Records for the task →

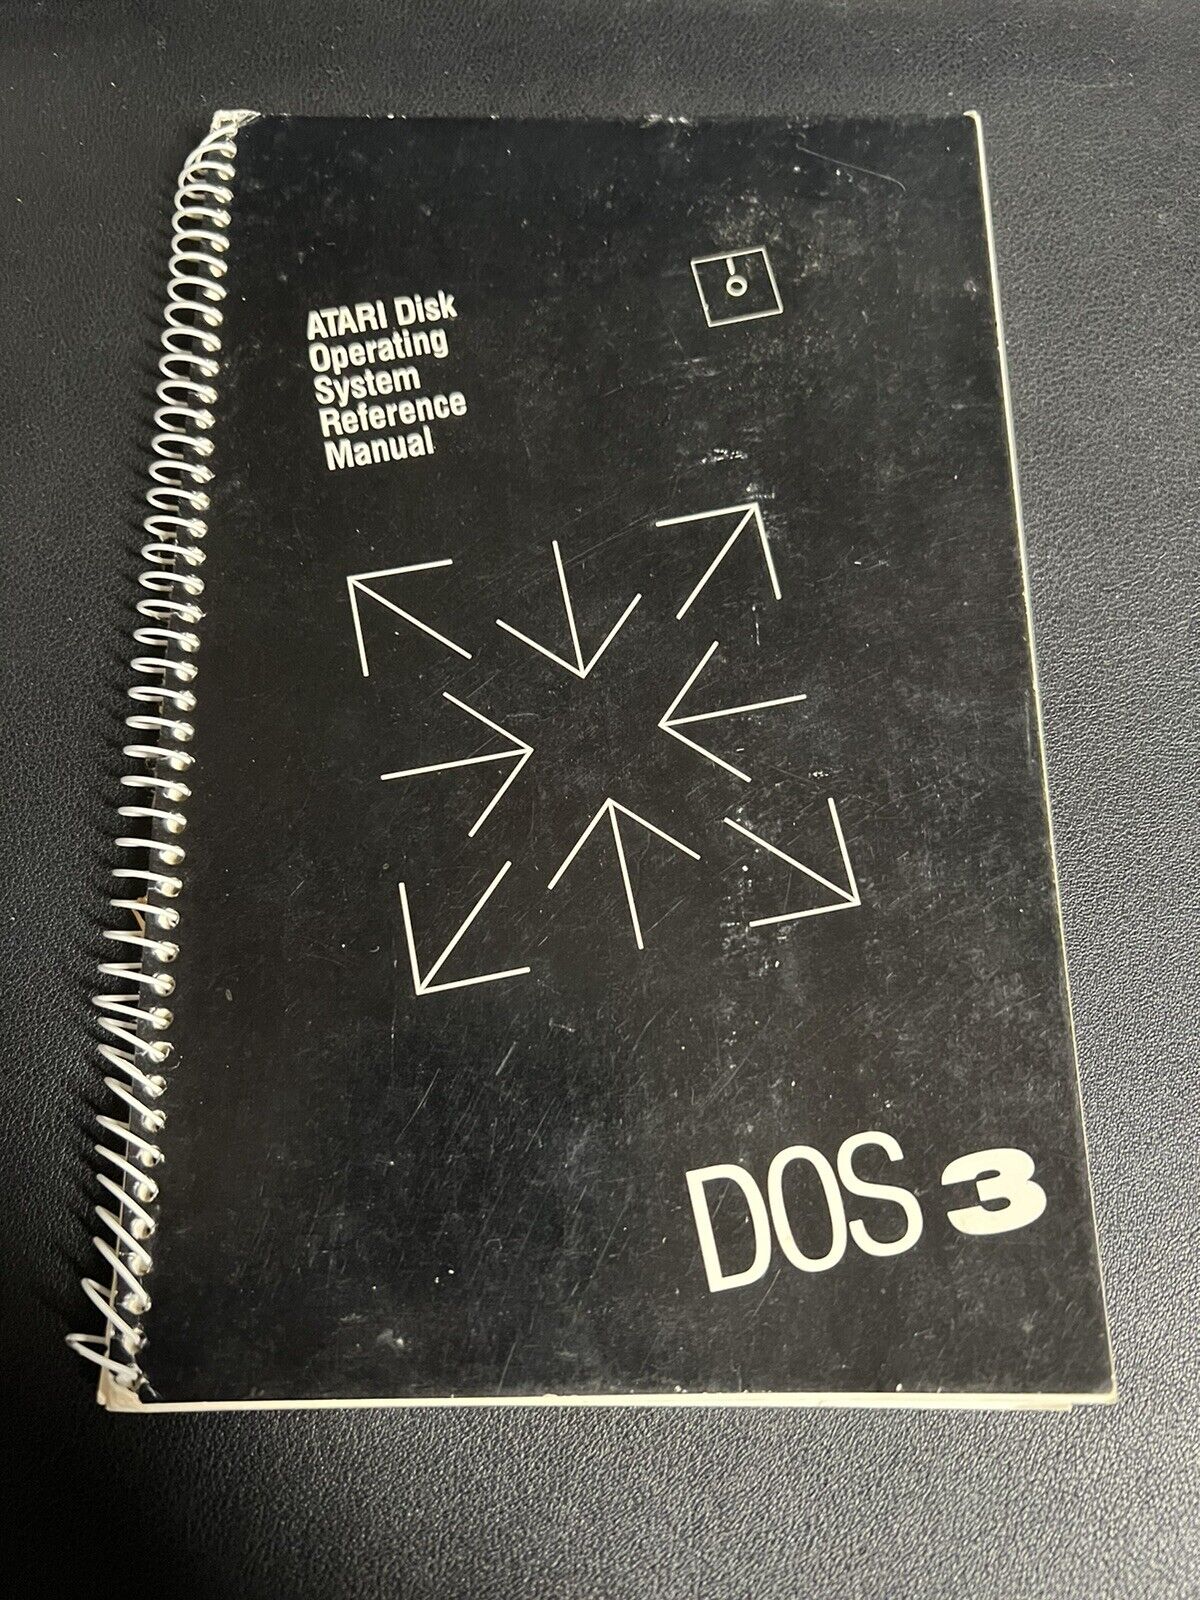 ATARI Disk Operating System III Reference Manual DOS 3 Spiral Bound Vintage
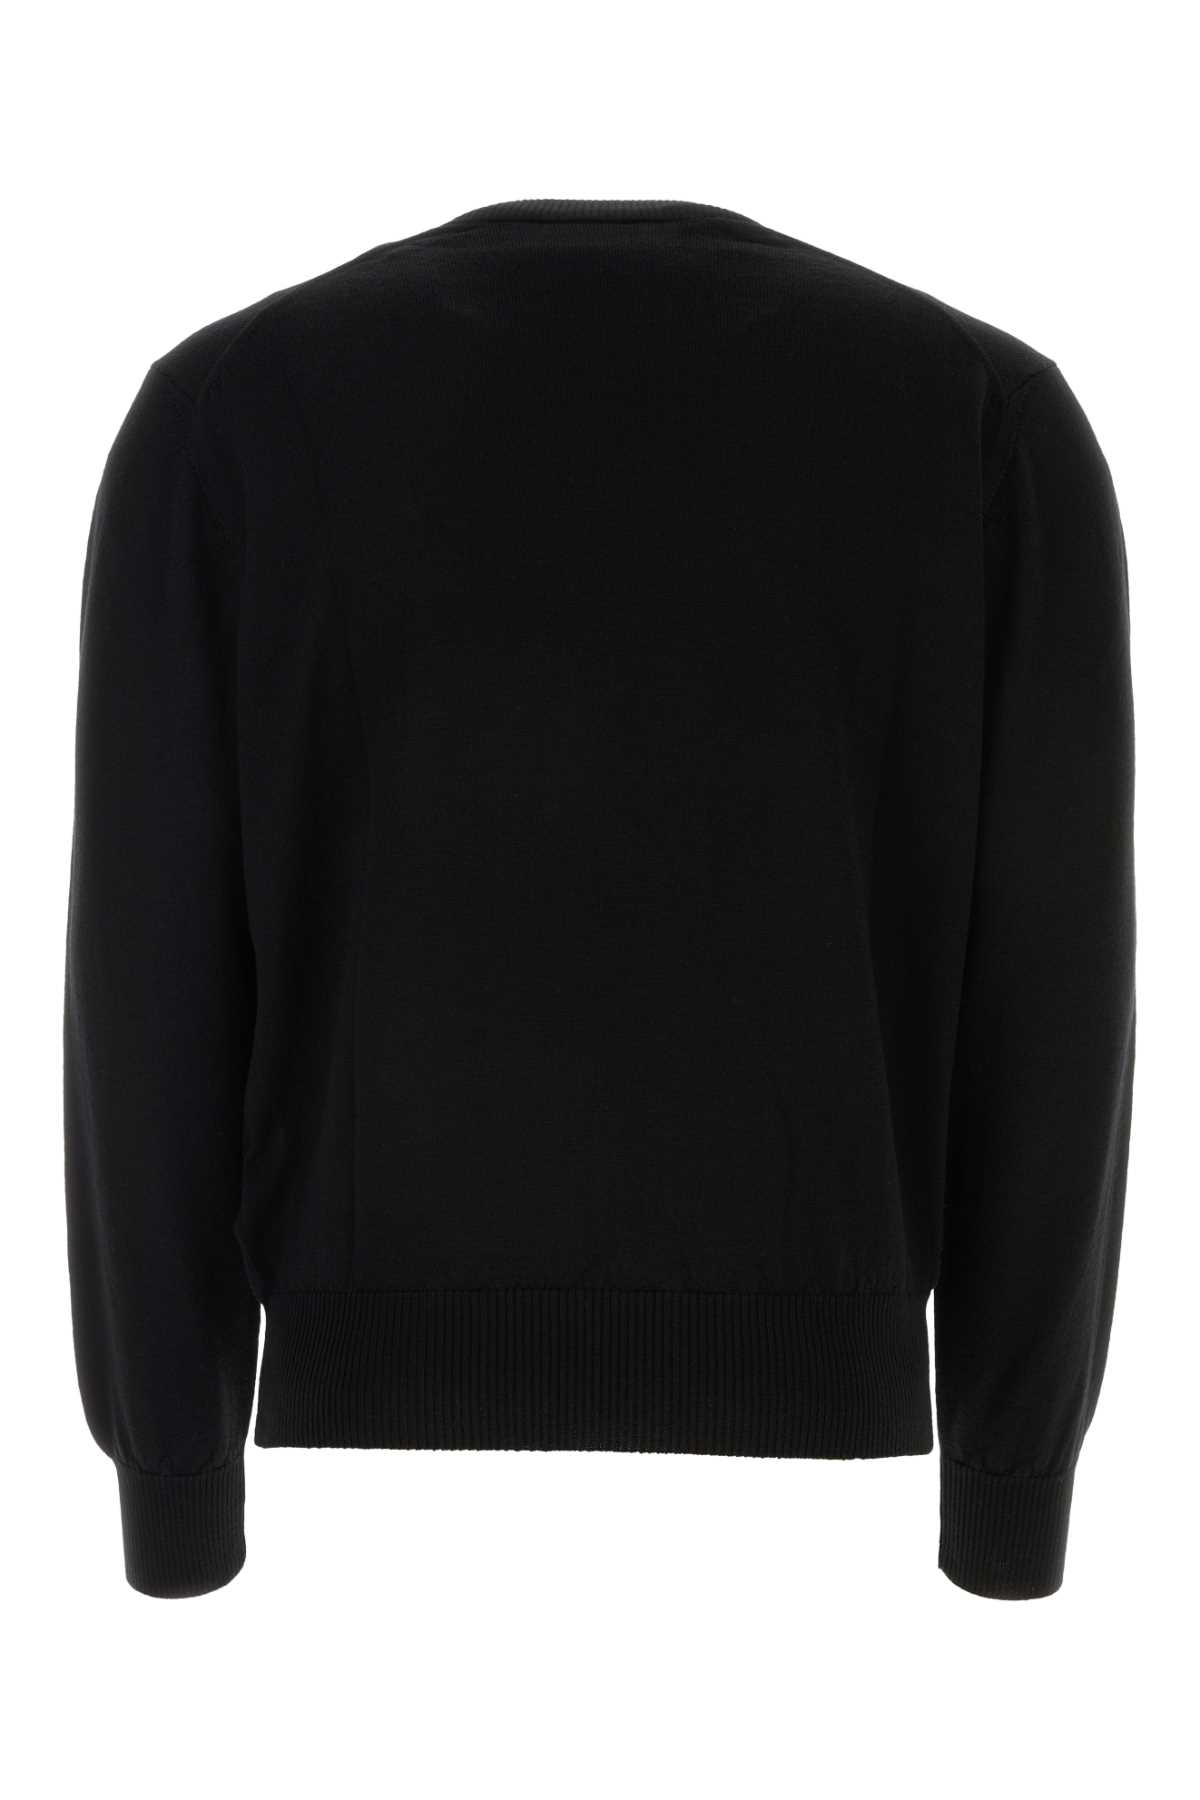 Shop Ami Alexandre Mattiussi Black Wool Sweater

...

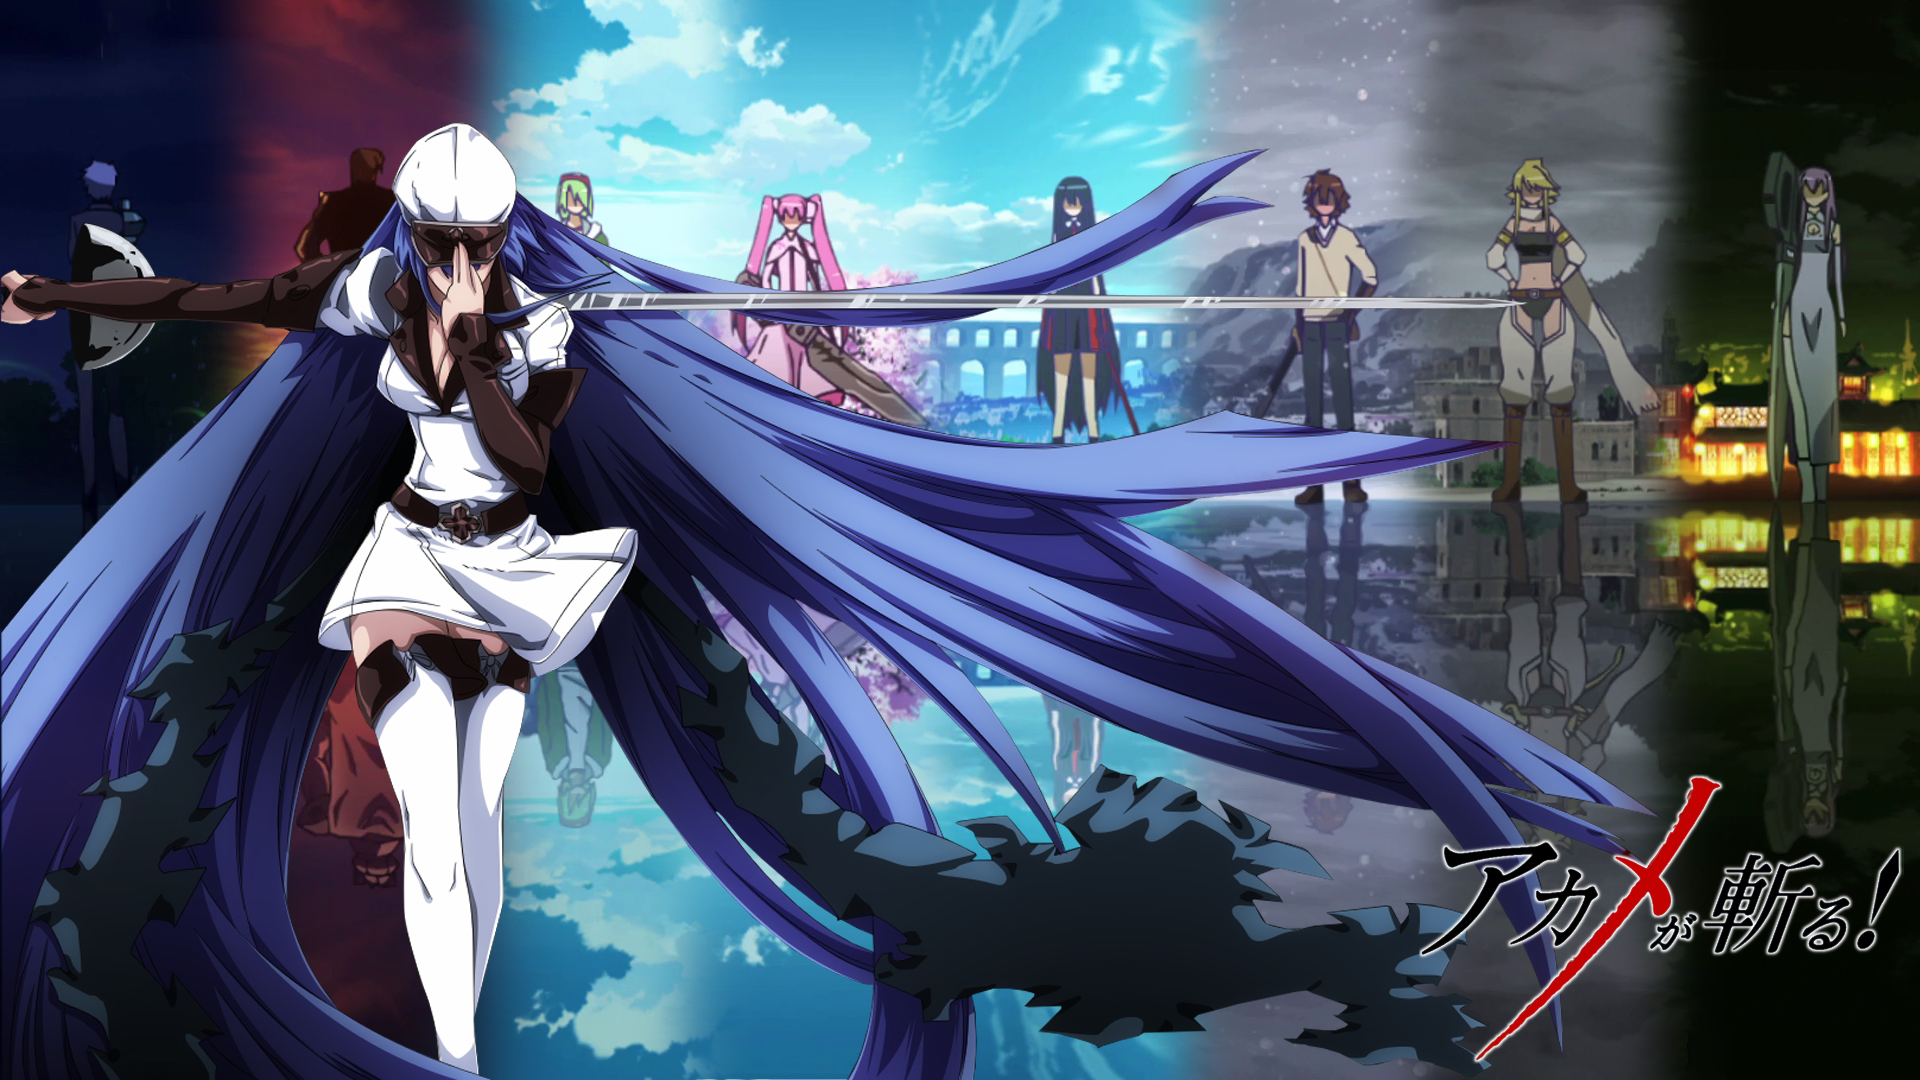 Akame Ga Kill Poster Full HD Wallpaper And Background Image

==

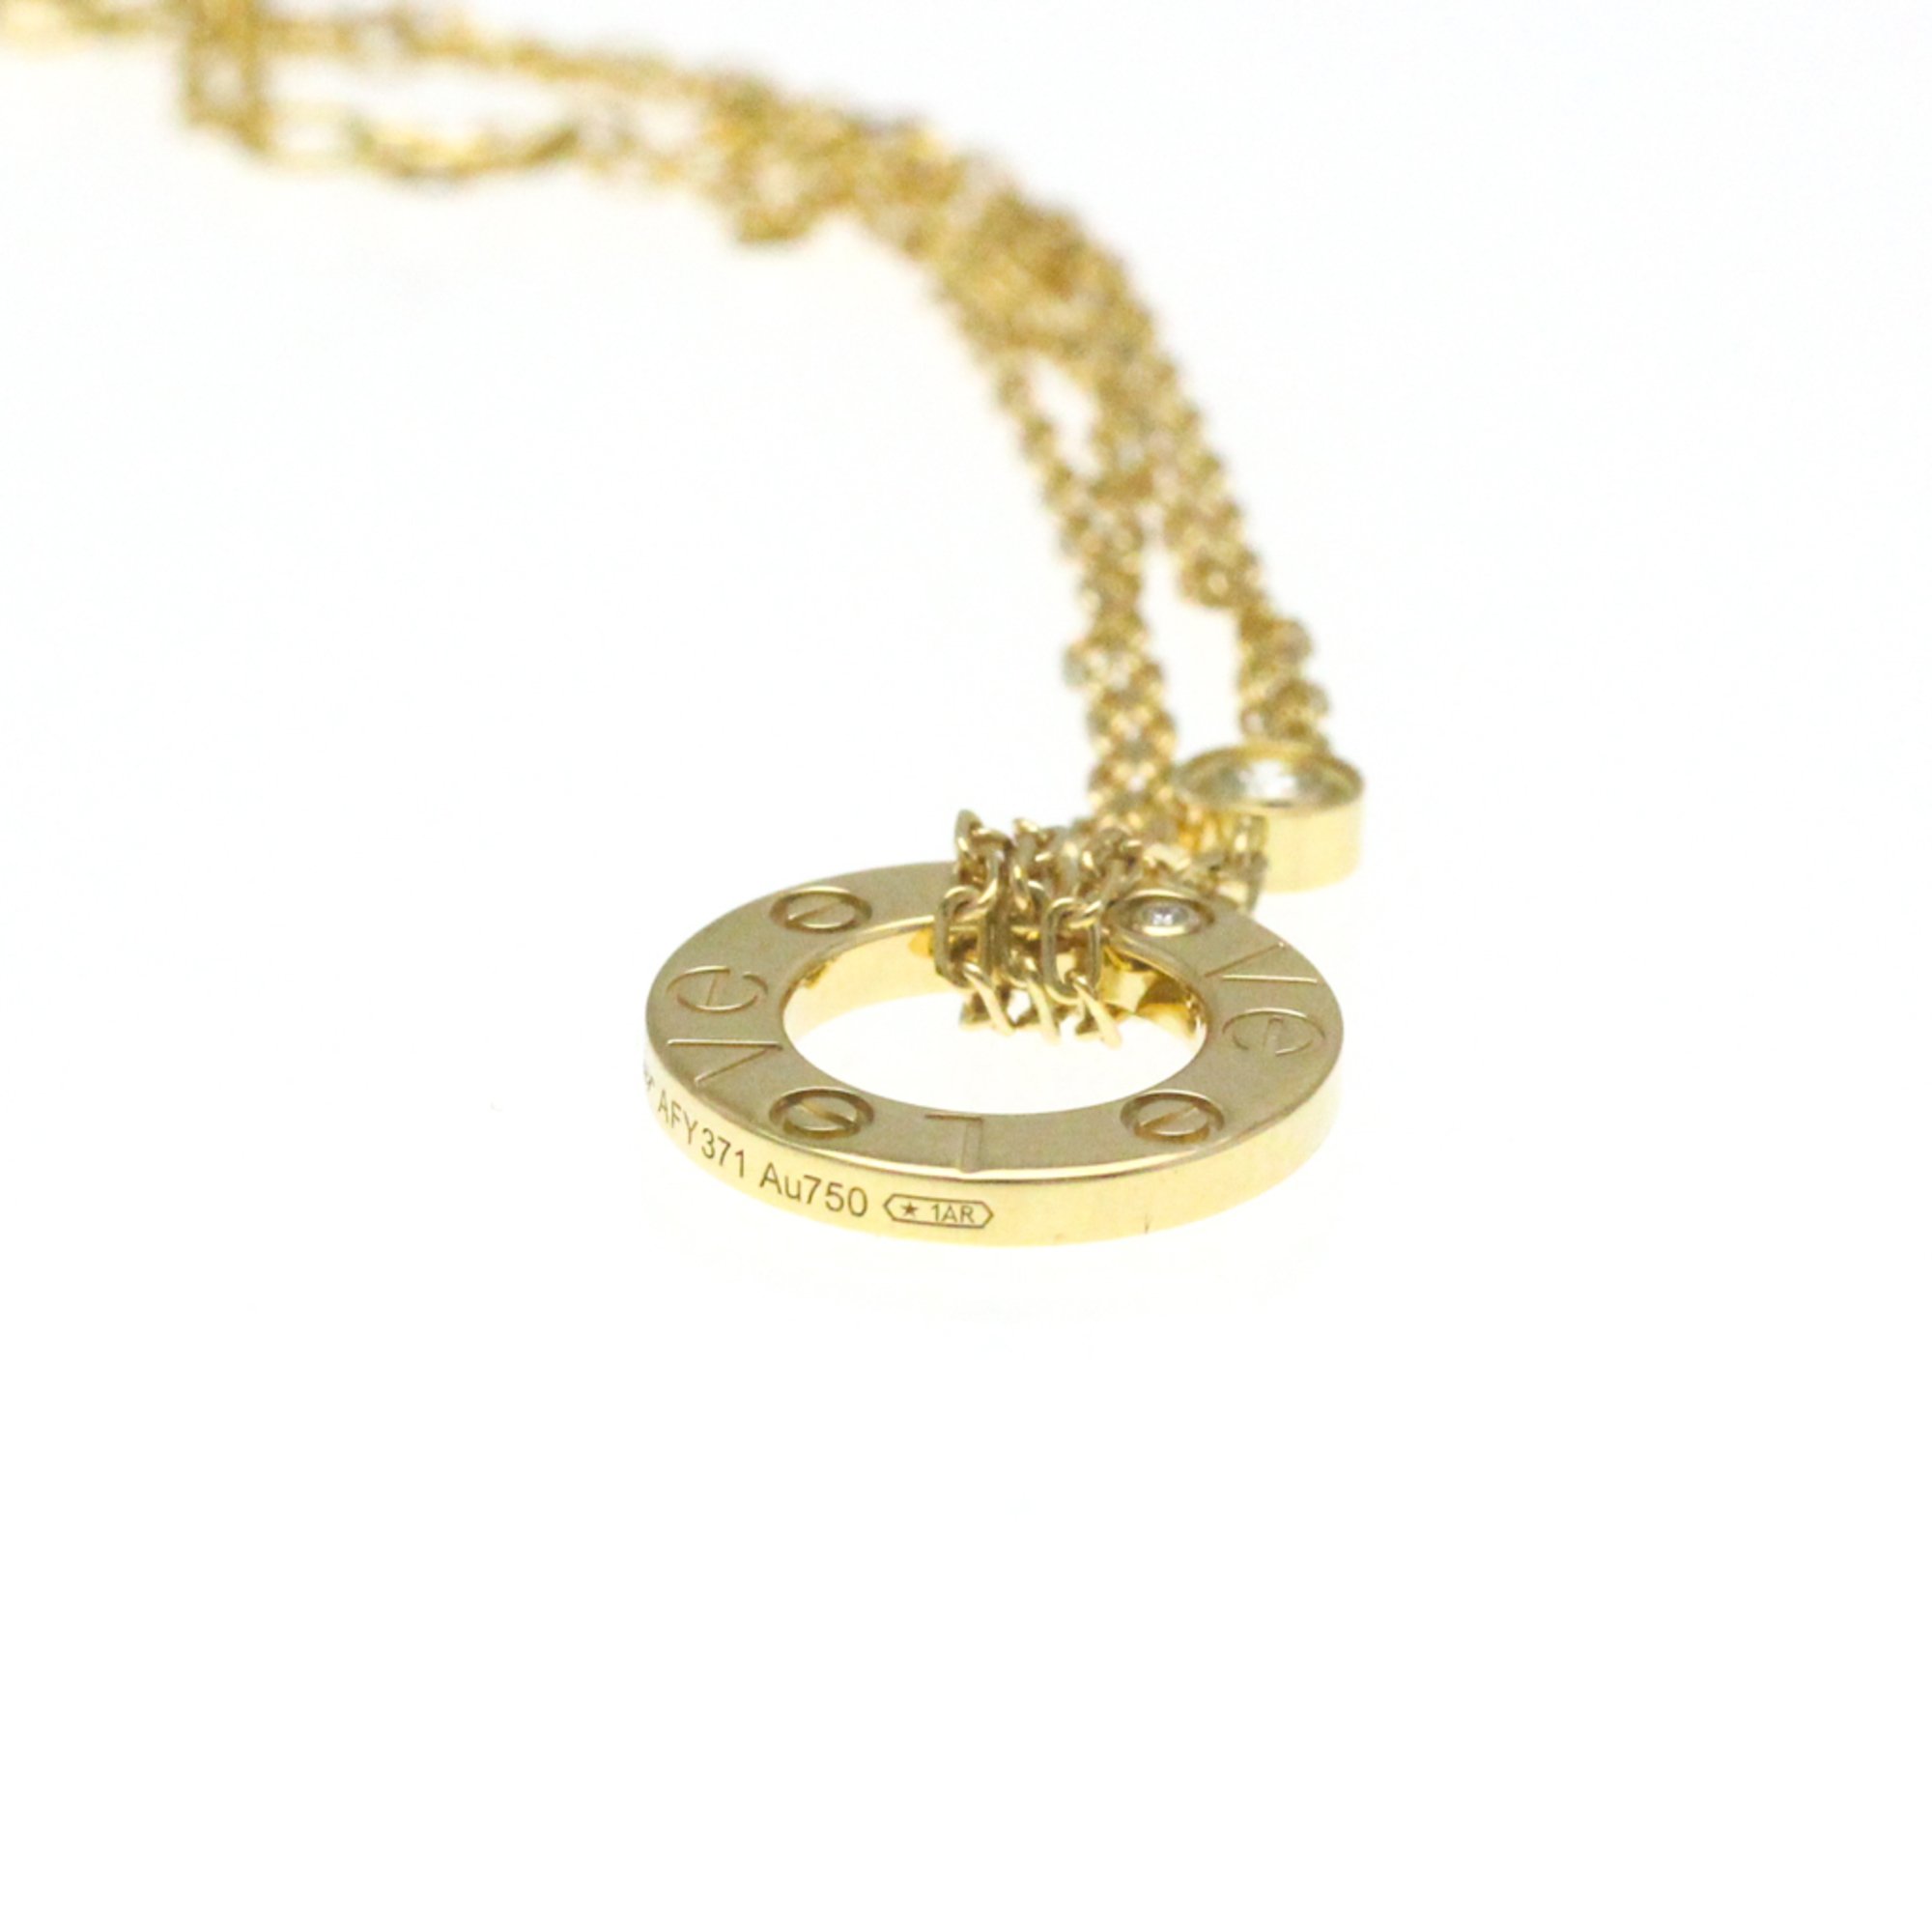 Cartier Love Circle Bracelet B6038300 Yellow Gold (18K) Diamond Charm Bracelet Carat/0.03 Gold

What you will do → Leaving out all pictures, set down exactly the lines of the material above, from the line with "ATARI Disk Operating" to the line with "Shop Ami Alexandre" inclusive, and no others.

Answer below →
 ATARI Disk Operating System III Reference Manual DOS 3 Spiral Bound Vintage
 Shop Ami Alexandre Mattiussi Black Wool Sweater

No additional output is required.